Солнце село. Марк не заметил, как оно садилось, багровое, почти кровавое на западе, как оно опустилось в реку, которая жадно проглотила его в своих быстрых струях. И сосны на противоположном берегу Невы стали еще стройнее на горизонте. И воздух стал как будто свежее. И дрожащая зыбь его казалась хрустальнее. От реки потянулся легкий, почти неуловимый запах, чуть отдаленно напоминающий запах тления. Белые кувшинки медленно закрывались, смятенные и радостные в ожидании вечера.
И вечер наступил.
Марку следовало идти домой, на фабрику, в здание конторского домика, где он родился и вырос, где жил его отец, где его били, бранили и запугивали в детстве и презирали в ранней юности.

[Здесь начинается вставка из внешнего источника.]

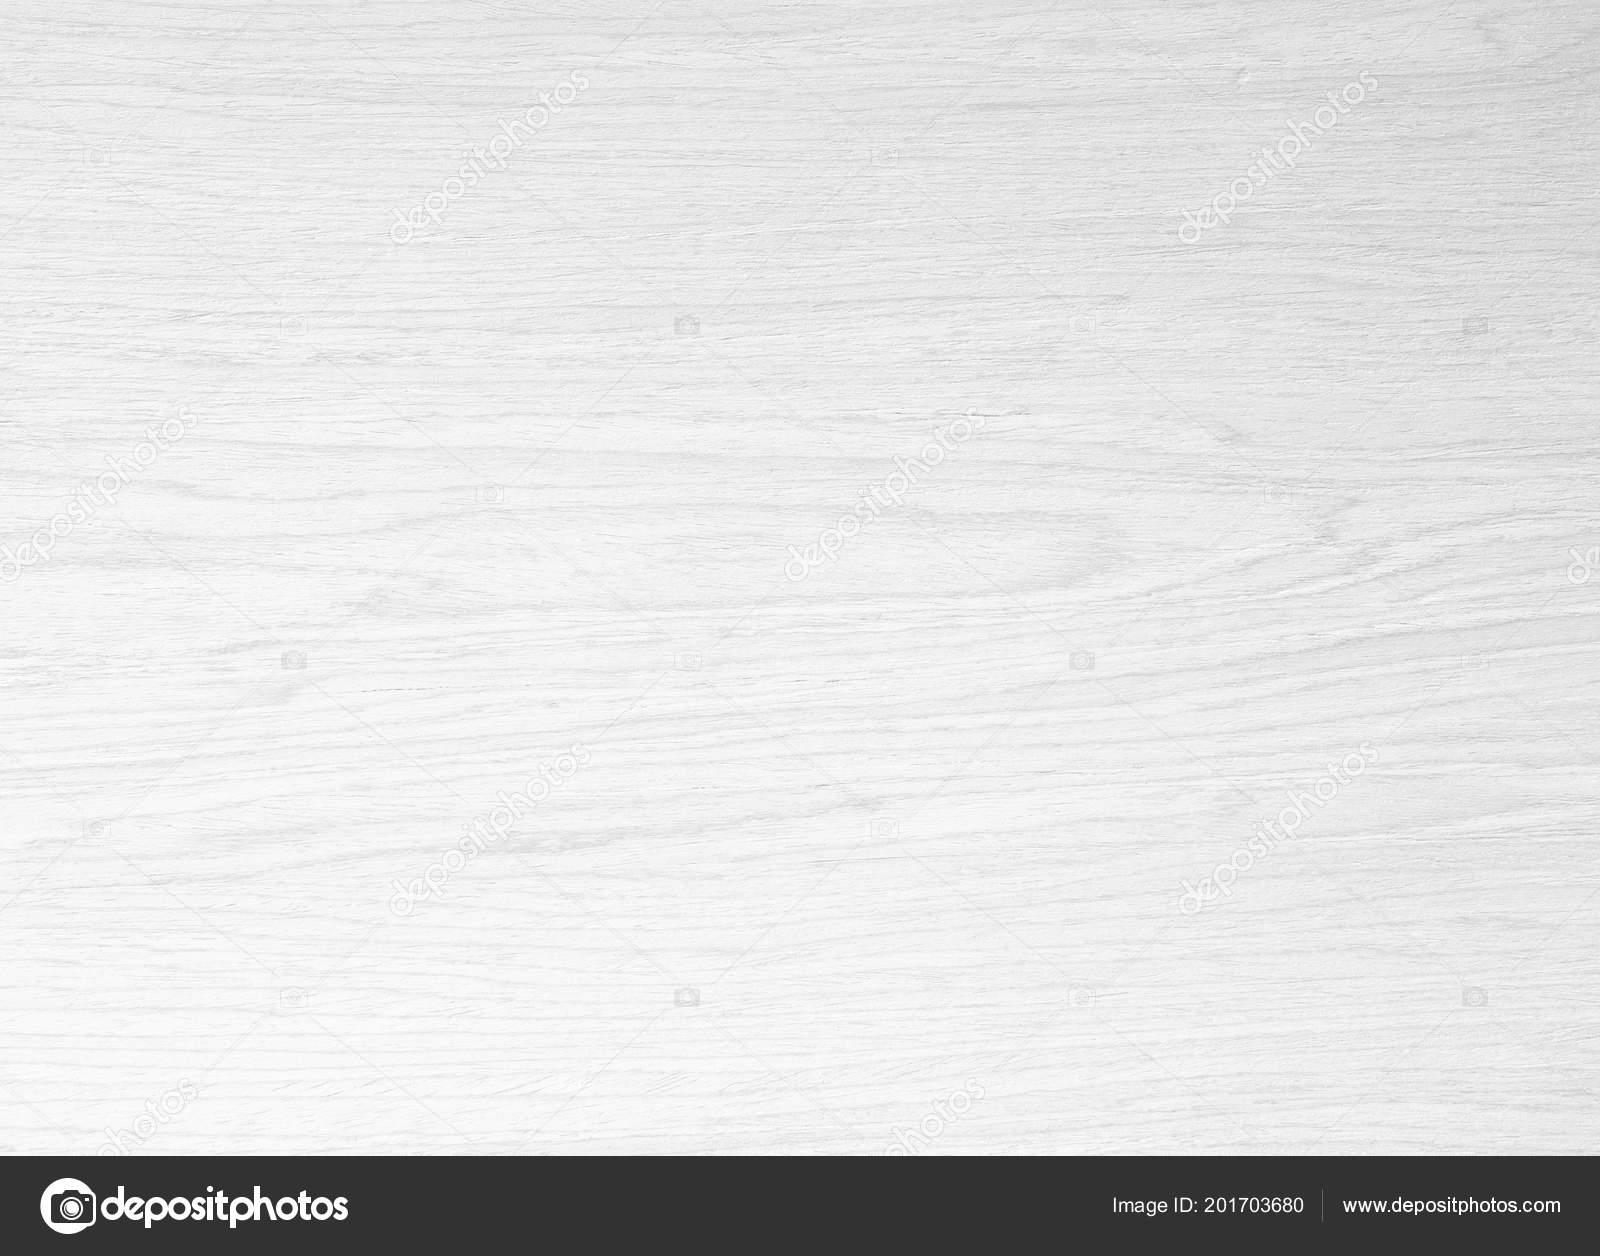 Legno Bianco Texture : Texture legno bianco foto di stock  istock

Туда он должен был идти, потому что наступила ночь.
Марк любил ночь больше дня, гораздо больше. Ночью, когда люди спали, их темные дела спали вместе с ними.
Он ненавидел свет, освещающий все их дурные, грязные поступки. Его неудержимо влекло в темноту, и родись он, Марк, несколько тысячелетий назад, он не пошел бы к людям, а зарылся бы в чреве земли и стал бы пещерным человеком, потому что свежесть земли заглушала бы запах тления ему подобных.
Хороших людей Марк не знал. Он слышал от других, что есть такие люди, но где живут они и как найти к ним путь и проложить дорогу, он не знал, да и не стремился узнать.
Черная туча, кружащаяся вокруг Марка, поглощала его постепенно, порок был кругом него, он западал и в его сердце, сердце получеловека, одинаково открытое для добра и зла.
А когда порок пересиливает в своем господстве, все светлое сторонится, уступая ему дорогу. Когда-то, когда его и не было (или так, по крайней мере, казалось Марку, что его не было когда-то), весь большой мир казался ему прекрасным.
Но он, Марк, был тогда ребенком. И это был сон, наверное, ослепительный и яркий, отдающий сказкой.
Когда-то давно, очень-очень давно, а может быть, и во сне, он помнит, как белая красивая женщина с печально-строгими глазами стояла над его кроваткой и пела о чем-то прекрасном и сказочном, чего не понимал ребенок-Марк, но что западало ему в душу помимо воли, вместе с теплом и светом, исходящими от сердца белой женщины.
И у белой женщины были такие же длинные волосы, золотые и нежные, как у Лизы Дориной, и Марк хорошо помнит, что от них всегда пахло свежестью и цветами.
И уже много позднее кто-то повел его на угрюмое песчаное кладбище, сплошь заросшее соснами, и, останавливаясь над желтым холмиком, обвитым иммортелями, сказал:
— Тут лежит твоя мать.
Тогда Марк понял, что у него была мать, и, странное дело, почувствовал при этом не тоску, а радость, потому что иметь мать значило иметь детство и ласку, хотя бы кратковременную и мимолетную, как сон.
И потом началась та пытка, которую люди называют жизнью и которой не предвидится конца.
Отец пил и дрался… Смерть белой женщины подняла в конторщике Ларанском все позабытые слабости молодости и вылила наружу то обилие темной силы, которая таилась в нем.
Белая женщина сумела было подавить в своем друге пагубные привычки и своей нежной, хрупкой рукой отвела его от той бездны, к которой тот стремился. Но белая женщина, несмотря на всю силу своей любви, не могла осилить природы.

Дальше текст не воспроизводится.